Le fait est que beaucoup d’ouvriers travaillant dans les procédés les plus socialisés, avec les moyens de production les plus avancés, sont devenus au cours du dernier siècle ce que Lénine a appelé l’aristocratie ouvrière. Il s’agit là de travailleurs au sein des pays impérialistes qui reçoivent des super-salaires (c’est-à-dire, des salaires qui dépassent la valeur produite par ces travailleurs) basés sur les superprofits extraits des nations opprimées via la super-exploitation (soit le paiement de salaires plus bas que le niveau de subsistance) et le vol de ressources. Cette aristocratie ouvrière, en tant que portion numériquement significative de la population, bénéficie d’emplois stables, à salaire élevé avec des pensions et des assurances maladie, et possède souvent leur propre maison, des véhicules et d’autres jouets assortis rendus abordables par le parasitisme de l’impérialisme; conséquemment, plutôt d’être ou d’agir comme une classe dépossédée et exploitée, elle s’est révélée être une partenaire juniorenthousiaste de la bourgeoisie, y compris par son appui aux guerres d’agression impérialistes. En tant que classe, elle constitue une réfutation éclatante de l’idée que de travailler avec des moyens de production avancés et dans des procédés hautement socialisés mène à une conscience de classe révolutionnaire.

Pour commencer, nous croyons qu’il y a ici une confusion entre les sections de la classe ouvrière sous l’influence de l’aristocratie ouvrière, et l’aristocratie ouvrière elle-même. L’idée d’une aristocratie ouvrière représentant une « portion numériquement significative de la population » est marginale au sein du mouvement communiste international (au moins en dehors du courant tiers-mondiste), et s’écarte de la définition de Lénine. S’agirait-il d’une réalité de la formation sociale américaine qui la distingue exceptionnellement de tout antécédent historique? Se peut-il que le statut hégémonique prolongé de l’impérialisme américain ait corrompu sa classe ouvrière à un point si extrême? Nous sommes intéressés de voir une enquête plus approfondie sur ce sujet, camarades. Mais pour ce qui est de Lénine, il n’a pas vraiment exprimé de telle position.

Lénine a analysé la base matérielle pour la scission du socialisme comme étant issue de l’impérialisme, certes, mais menant à une division politique dans la classe ouvrière, c’est-à-dire une division entre ce qui allait devenir la Deuxième et la Troisième Internationale (entre les « sociaux-démocrates » et les communistes respectivement, la première étant corrompue politiquement par l’impérialisme).

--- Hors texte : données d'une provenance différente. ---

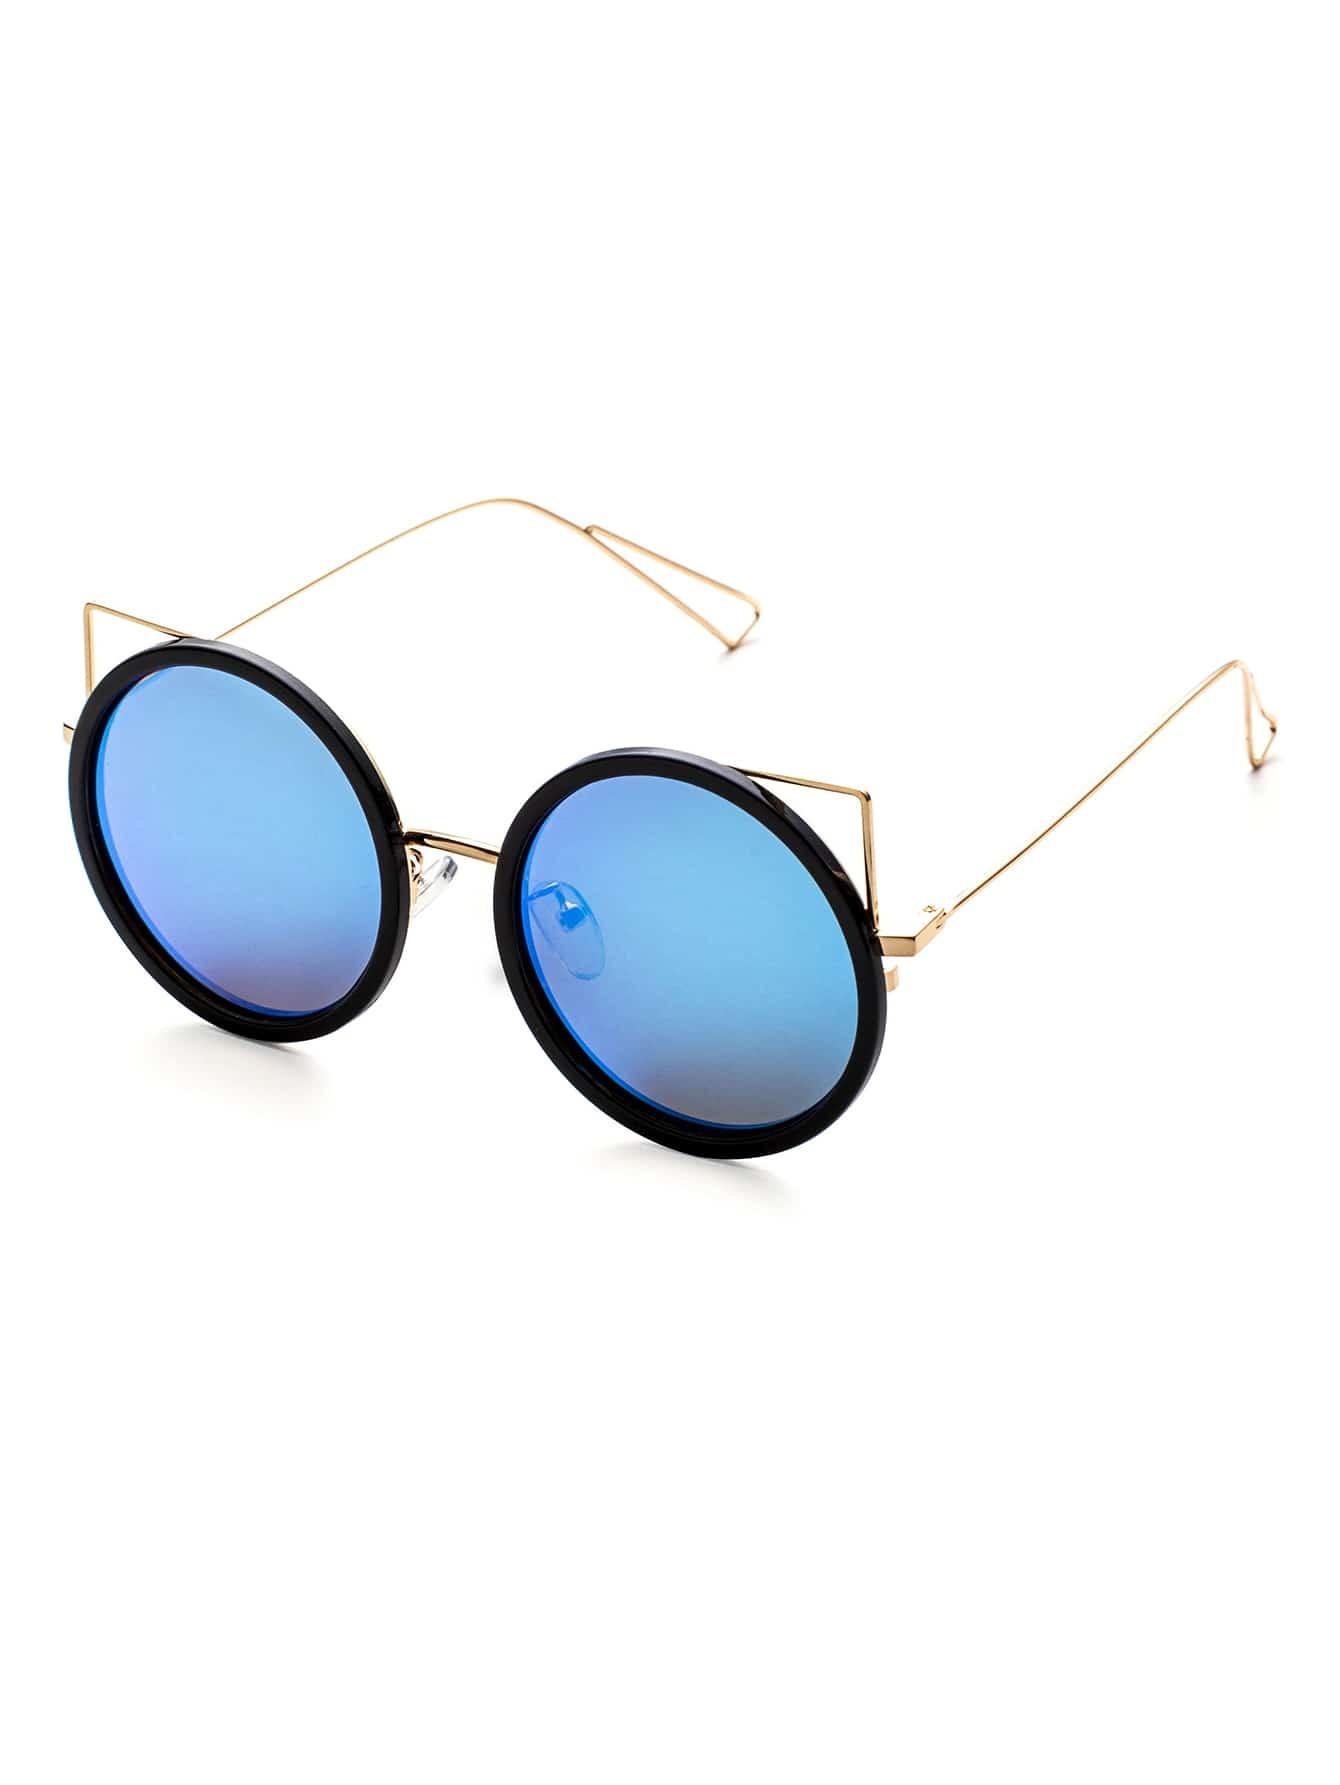 Golden Frame Black Sunglasses : Black And Gold Frame Blue Lens Round Design Sunglasses

En effet, selon Lénine, les superprofits dus au parasitisme de l’impérialisme ont permis à la bourgeoisie des puissances impérialistes de soudoyer un petit échelon supérieur de la classe ouvrière. Lénine n’a cependant jamais désigné cet échelon comme étant une « portion numériquement significative de la population », mais bien une petite minorité. Il parle d’abord d’ouvriers qui se font coopter dans des fonctions politiques du mouvement ouvrier, et d’ouvriers d’une poignée de secteurs privilégiés formant leur base sociale parmi la classe ouvrière. Et comme il l’a écrit dans L’impérialisme et la scission du socialisme (emphase par Lénine) :

La bourgeoisie d’une ‘grande’ puissance impérialiste peut, économiquement, soudoyer les couches supérieures de ‘ses’ ouvriers en sacrifiant à cette fin quelques cent ou deux cents millions de francs par an, car ses super-profits s’élèvent probablement à près d’un milliard. Et la question de savoir comment cette petite aumône est partagée entre ouvriers-ministres, ‘ouvriers-députés’ […] ouvriers-membres des comités des industries de guerre, ouvriers-fonctionnaires, ouvriers organisés en associations étroitement corporatives, employés de bureau, etc., etc., c’est là une question secondaire.

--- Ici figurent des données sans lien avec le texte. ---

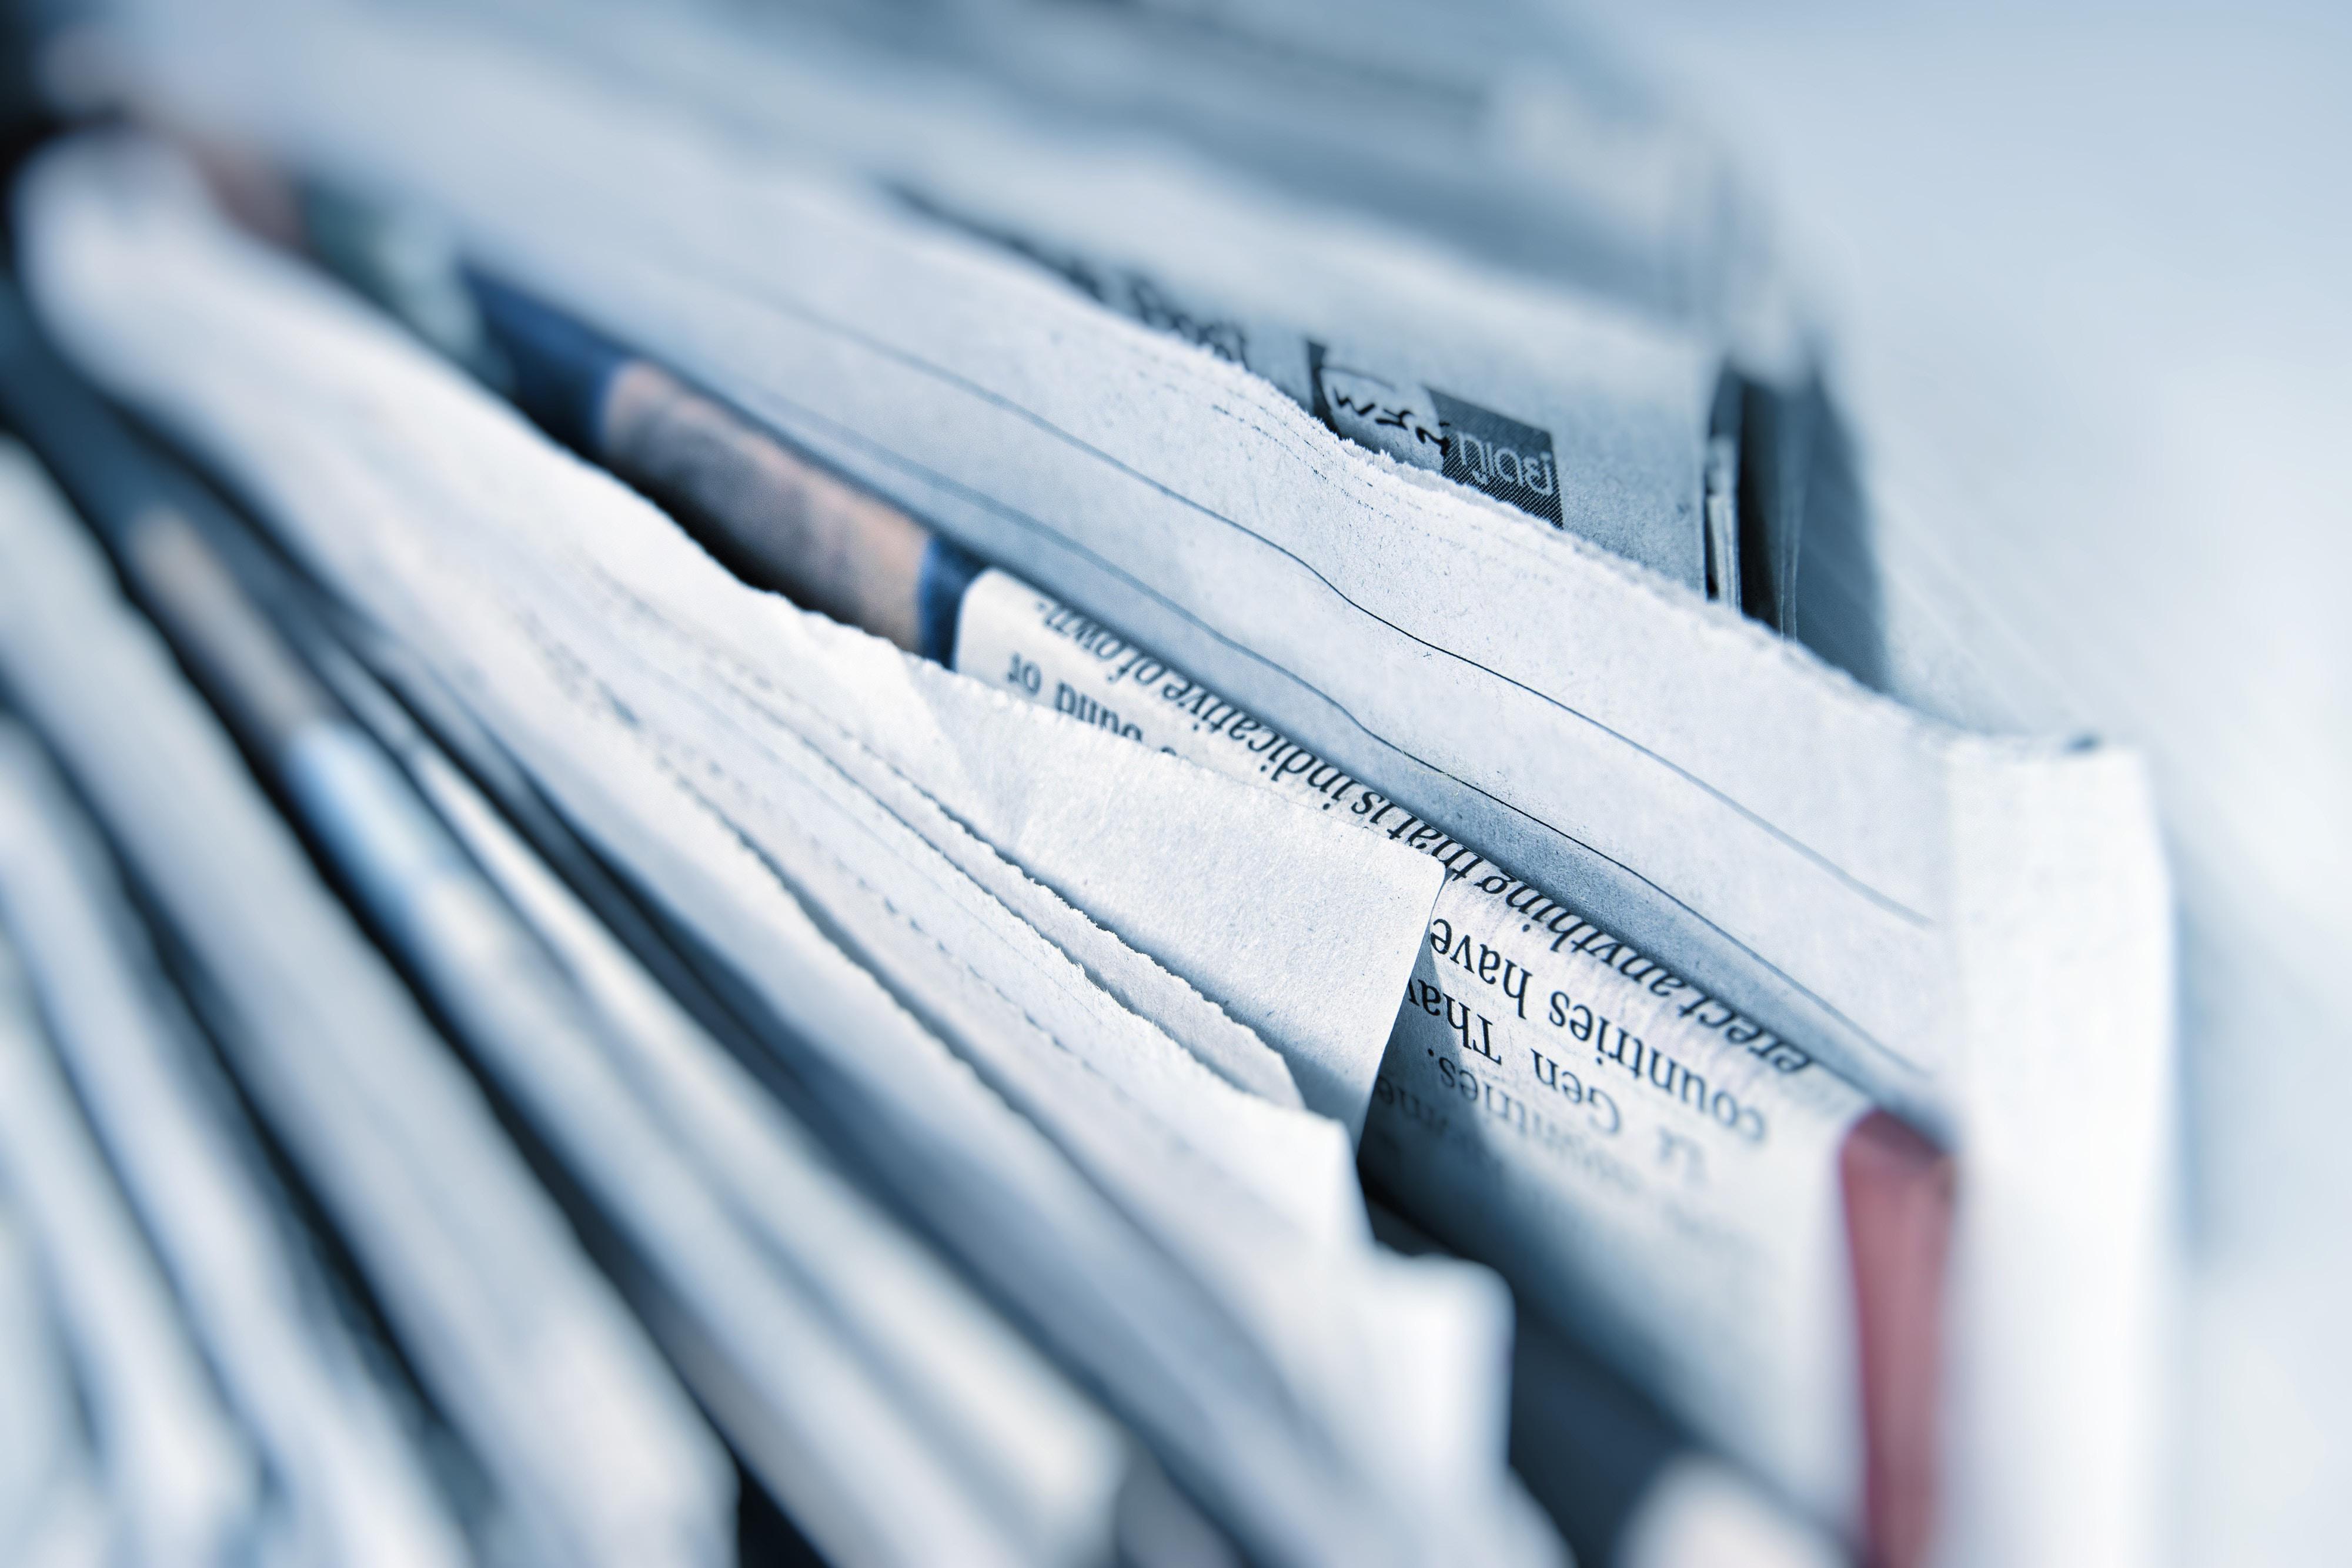 Principales portadas de diarios

Cette couche supérieure, une minorité absolue, forme la base sociale dont sont issus les divers « ouvriers-députés » qui sont soudoyés pour qu’ils deviennent opportunistes. Lénine met l’accent sur le fait que les communistes ne doivent pas porter leur attention sur cette minorité, qui domine le mouvement ouvrier et les partis ouvriers bourgeois, mais plutôt vers la majorité, la véritable masse des ouvriers qui ne bénéficie pas de ces pots-de-vin, même s’ils sont influencés par ses idées et qu’ils représentent différentes sections de la classe. Le facteur décisif dans la composition et l’orientation de la classe ouvrière est, selon nous, la domination incontestée de l’opportunisme dans la classe ouvrière, et non sa séparation en diverses strates, bien que celles-ci soient une réalité matérielle que nous allons devoir considérer.

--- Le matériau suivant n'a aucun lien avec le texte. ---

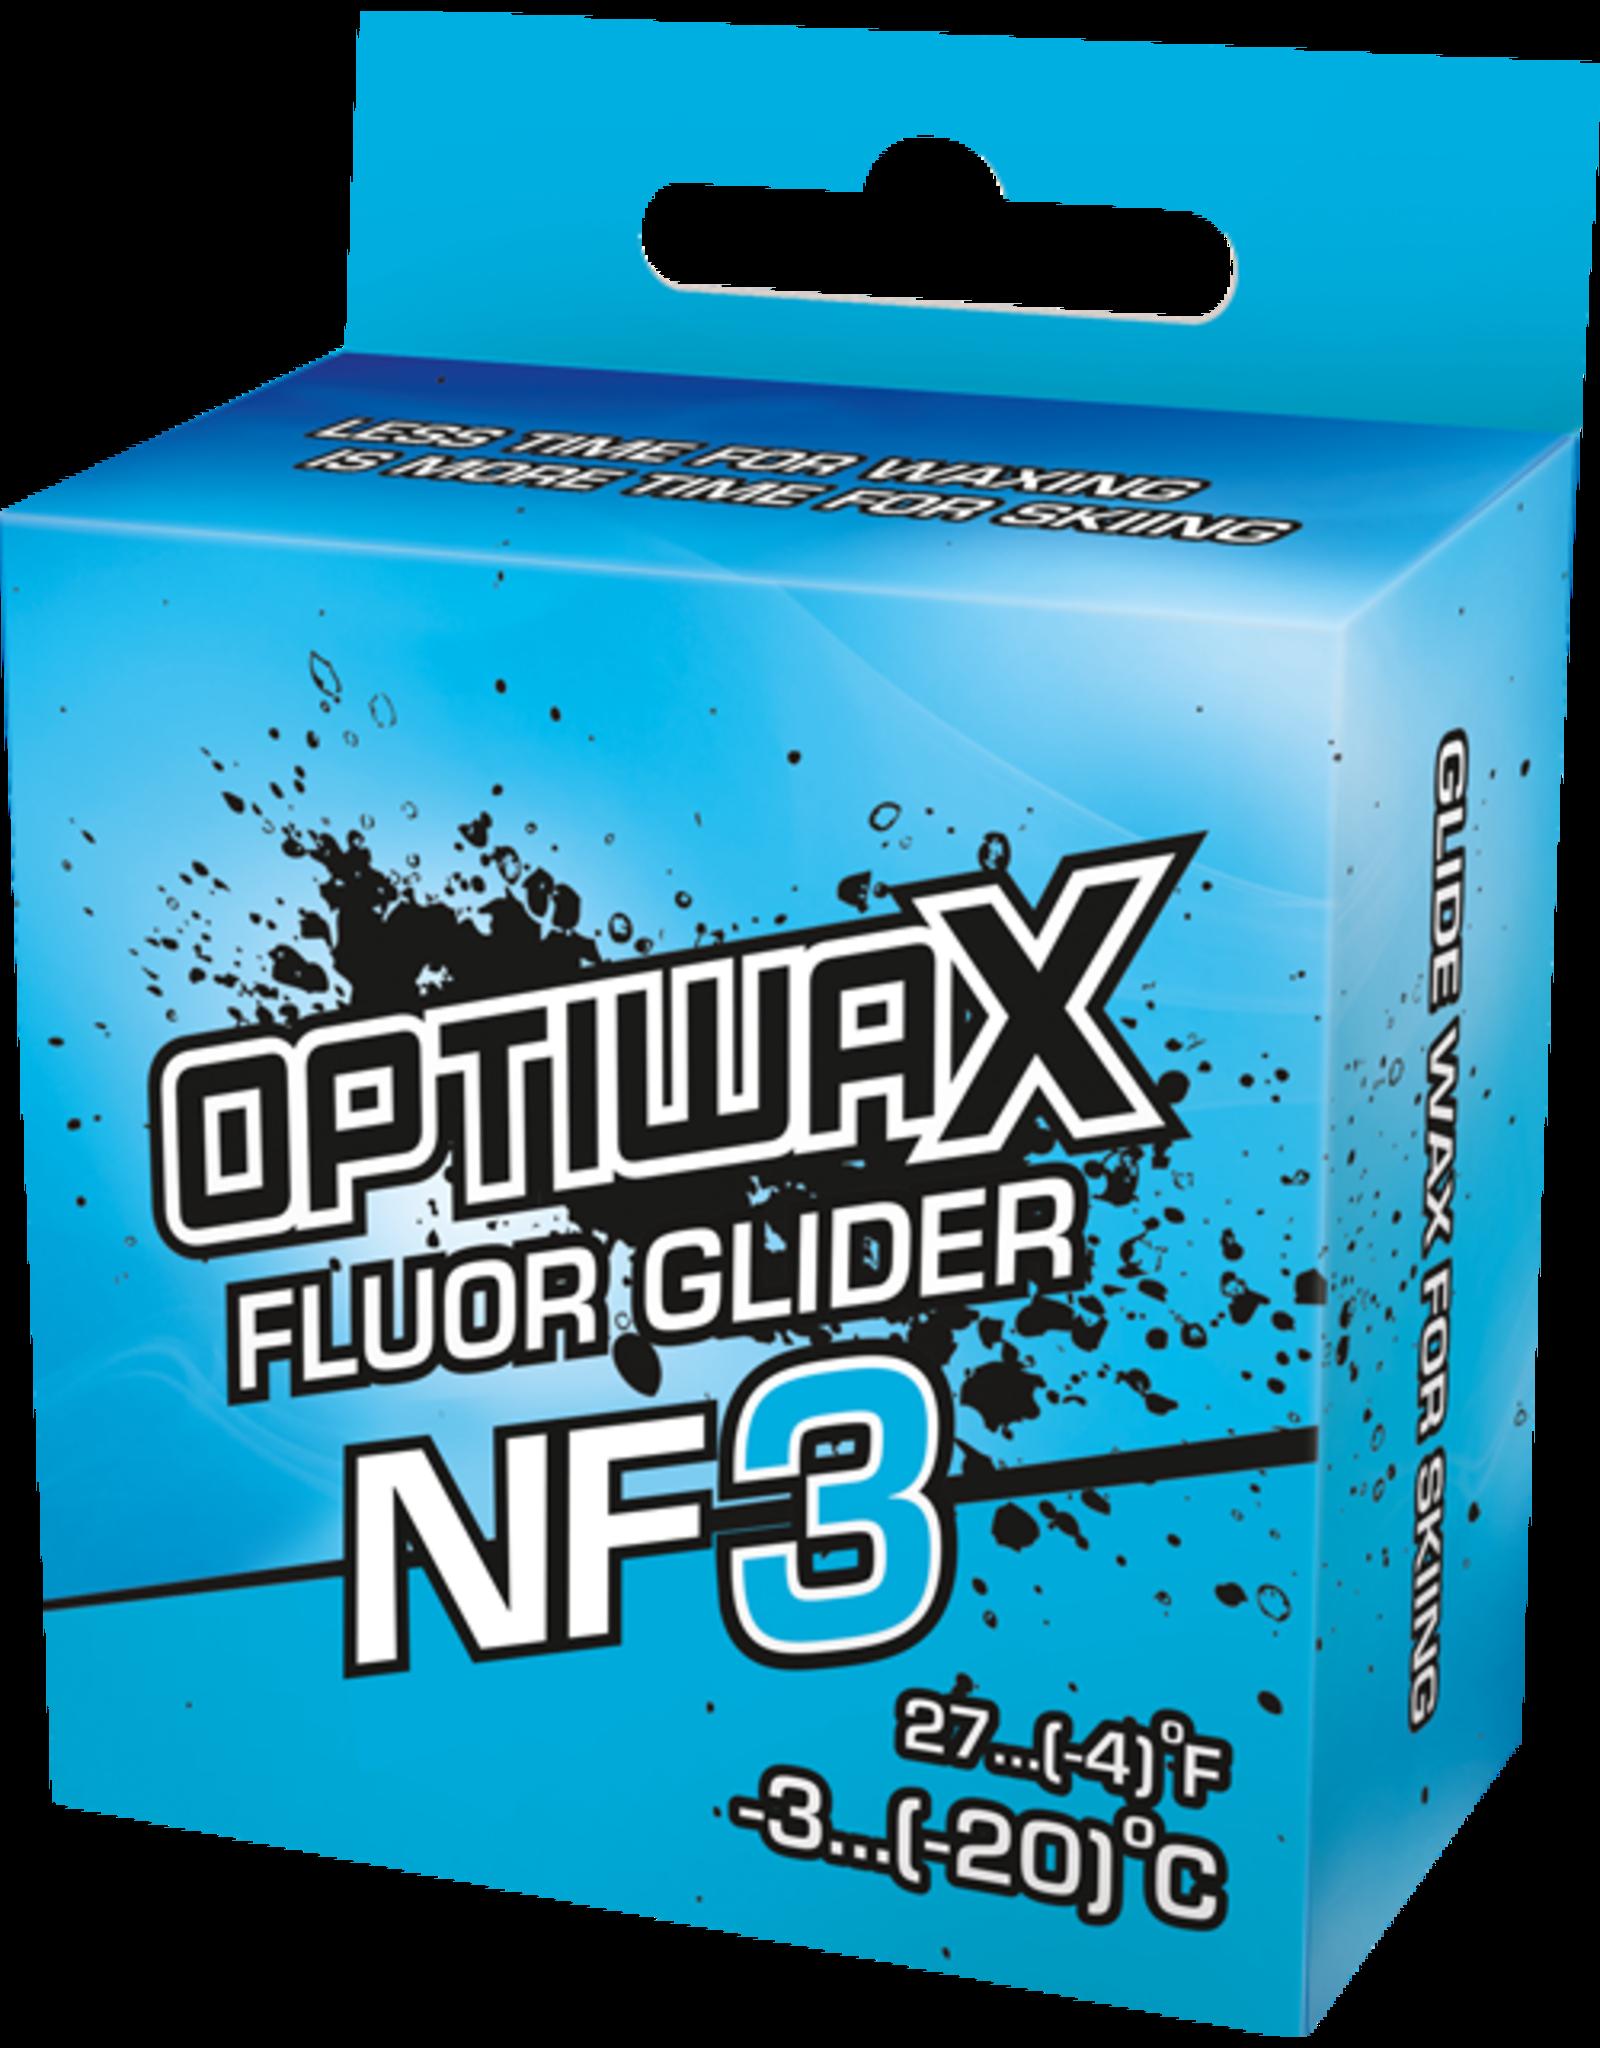 Optiwax Optiwax Glide NF3 Blue

Lénine fait également ressortir comment Engels avait perçu cette réalité :

[Engels] y traite de ‘l’aristocratie de la classe ouvrière’, de la ‘minorité privilégiée des ouvriers’, qu’il oppose à la ‘grande masse des ouvriers’. ‘La petite minorité privilégiée et protégée’ de la classe ouvrière bénéficiait seule des ‘avantages durables’ de la situation privilégiée de l’Angleterre en 1848-1868: ‘la grande masse, en mettant les choses au mieux, ne bénéficiait que d’améliorations de courte durée.’

Le fait que l’aristocratie ouvrière ne constitue qu’une petite minorité en contradiction avec la majorité, avec « la grande masse des ouvriers », est un point essentiel. Soit, il en était ainsi à l’époque, mais qu’en est-il aujourd’hui? Eh bien, la bourgeoisie n’a certainement pas résolu matériellement les contradictions qui l’opposent à la classe ouvrière dans les pays impérialistes, en tout cas pas d’une façon durable. Tout ce qu’elle fait, c’est de soudoyer une petite portion au sommet et de la corrompre politiquement en prenant le contrôle des institutions du mouvement ouvrier. Voilà ce que nous devons absolument changer si nous voulons que la révolution prolétarienne soit un succès, il n’y a pas d’autre solution.

Pour autant qu’on le sache, Lénine parlait surtout d’une « scission du socialisme » et d’une « scission du mouvement ouvrier », mais pas d’une « scission dans la classe ouvrière. » Et nous croyons que ces paroles ont un sens spécifique qui ne doit pas être perdu. Le défi qui se dresse devant nous est une scission politique. Cela nous mène à soutenir qu’il faut dresser et défendre des positions de combat dans le mouvement ouvrier, dans les syndicats, et dans la classe ouvrière, pour offrir un programme politique plus convaincant que Biden (ou Trump!) 2024, ou, dans notre cas, Trudeau (ou Poilièvre) 2025.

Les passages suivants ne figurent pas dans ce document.